Lectura de la carta del apóstol san Pablo a los Gálatas 4, 22-25b. 26-27.31; 5, 1
Hermanos: En la Escritura se cuenta que Abrahán tuvo dos hijos, uno de la esclava y otro de la libre; el hijo de la esclava nació de modo natural, y el de la libre por una promesa de Dios. Esto tiene un significado: Las dos mujeres representan dos alianzas. Agar, la que engendra hijos para la esclavitud, significa la alianza del Sinaí. La Jerusalén de arriba es libre; ésa es nuestra madre, como dice la Escritura: «Alégrate, estéril, que no das a luz, rompe a gritar, tú que no conocías los dolores, porque la abandonada tiene más hijos que la que vive con el marido». Resumiendo, hermanos, no somos hijos de esclava, sino de la mujer libre. Para vivir en libertad, Cristo nos ha liberado. Por tanto, manteneos firmes, y no os sometáis de nuevo al yugo de la esclavitud.
Palabra de Dios.
Te alabamos, Señor.
Sal 112, 1-2.3-4a y 6-7
Bendito sea el nombre del Señor por siempre.

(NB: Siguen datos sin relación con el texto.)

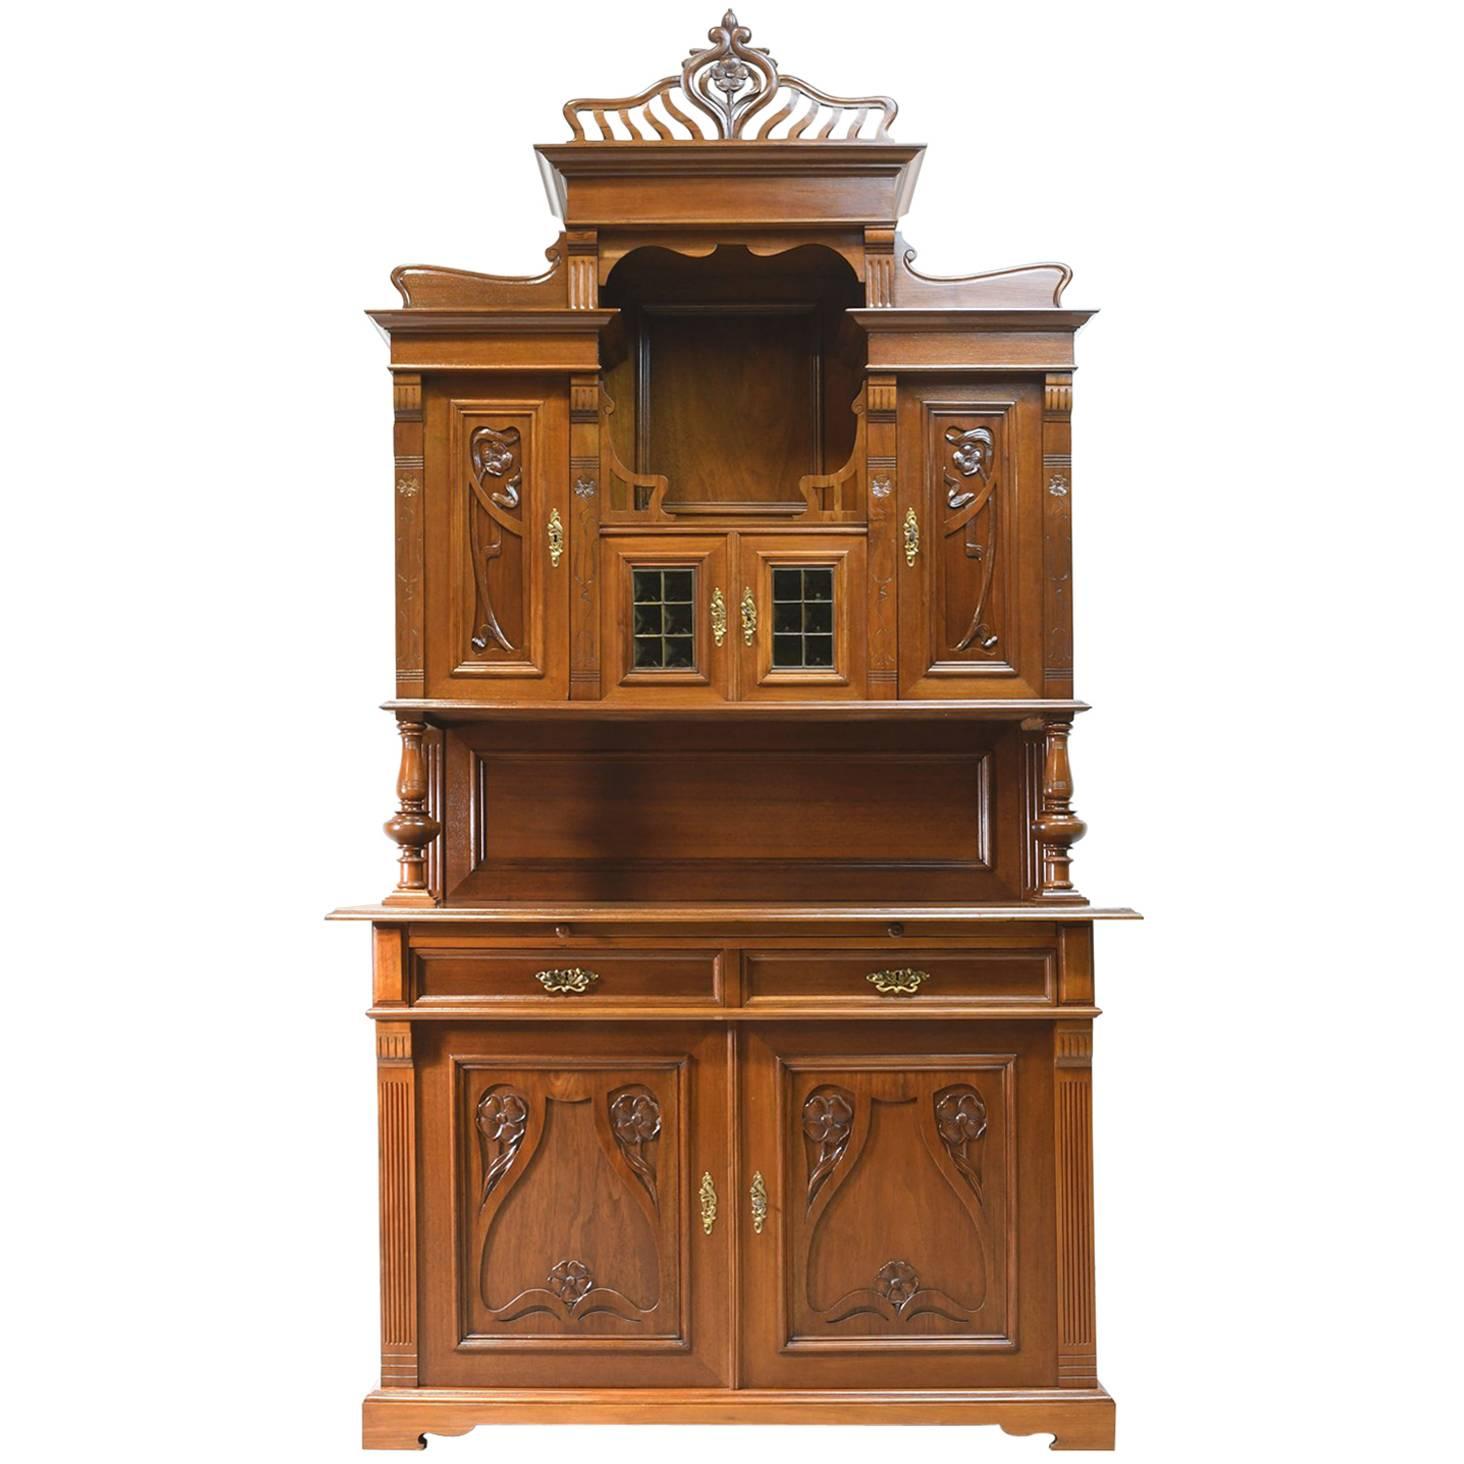 Early 20th Century Art Nouveau Buffet Cupboard or Bar Cabinet in French Walnut

Sit nomen Dómini benedíctum in sæcula.
Alaben, siervos del Señor, alaben el nombre del Señor. Bendito sea el nombre del Señor desde ahora y para siempre.
Bendito sea el nombre del Señor por siempre.

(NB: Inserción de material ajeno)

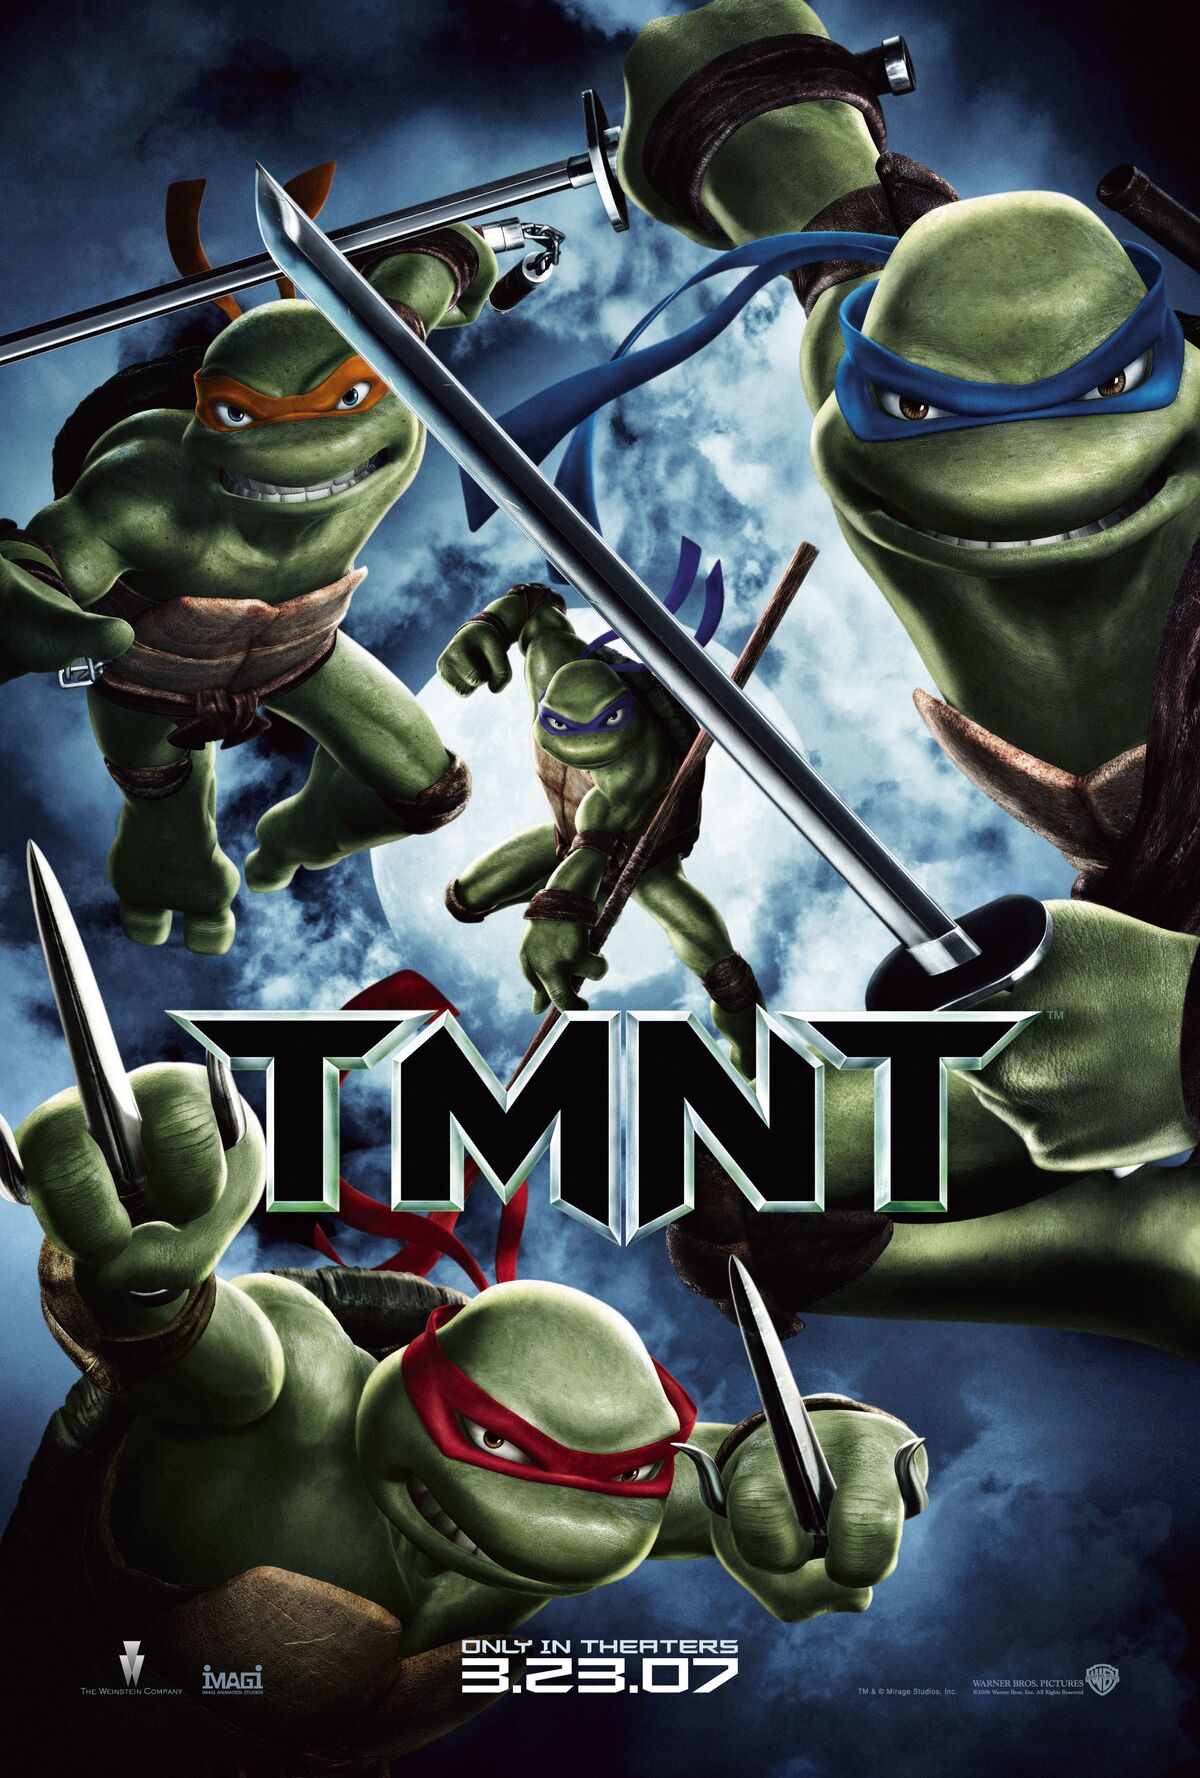 Teenage Mutant Ninja Turtles Watch In English

Sit nomen Dómini benedíctum in sæcula.
Desde la salida del sol hasta su ocaso, sea alabado el nombre del Señor. El Señor está por encima de todas las naciones, su gloria está sobre los cielos.
Bendito sea el nombre del Señor por siempre.
Sit nomen Dómini benedíctum in sæcula.
¿Quién como el Señor, nuestro Dios, que reina en las alturas y sin embargo se inclina para mirar cielos y tierra? El levanta del polvo al desamparado y alza de la miseria al necesitado.
Bendito sea el nombre del Señor por siempre.
Sit nomen Dómini benedíctum in sæcula.
Aclamación antes del Evangelio
Aleluya, aleluya.
Hoy, si escucháis la voz del Señor, no endurezcáis vuestro corazón
Hódie, nolíte obduráre corda vestra, sed vocem Dómini audíte.
Aleluya.
† Lectura del santo Evangelio según san Lucas 11, 29-32
Gloria a ti, Señor.
En aquel tiempo, la gente se apiñaba alrededor de Jesús y él se puso a decirles: «Esta generación es una generación perversa. Pide un signo, pero no se le dará más signo que el signo de Jonás. Como Jonás fue un signo para los habitantes de Nínive, lo mismo será el Hijo del Hombre para esta generación. Cuando sean juzgados los hombres de esta generación, la reina del Sur se levantará y hará que los condenen; porque ella vino desde los confines de la tierra para escuchar la sabiduría de Salomón, y aquí hay uno que es más que Salomón. Cuando sea juzgada esa generación, los hombres de Nínive se alzarán y harán que los condenen; porque ellos se convirtieron con la predicación de Jonás, y aquí hay uno que es más que Jonás».
Palabra del Señor.
Gloria a ti, Señor Jesús.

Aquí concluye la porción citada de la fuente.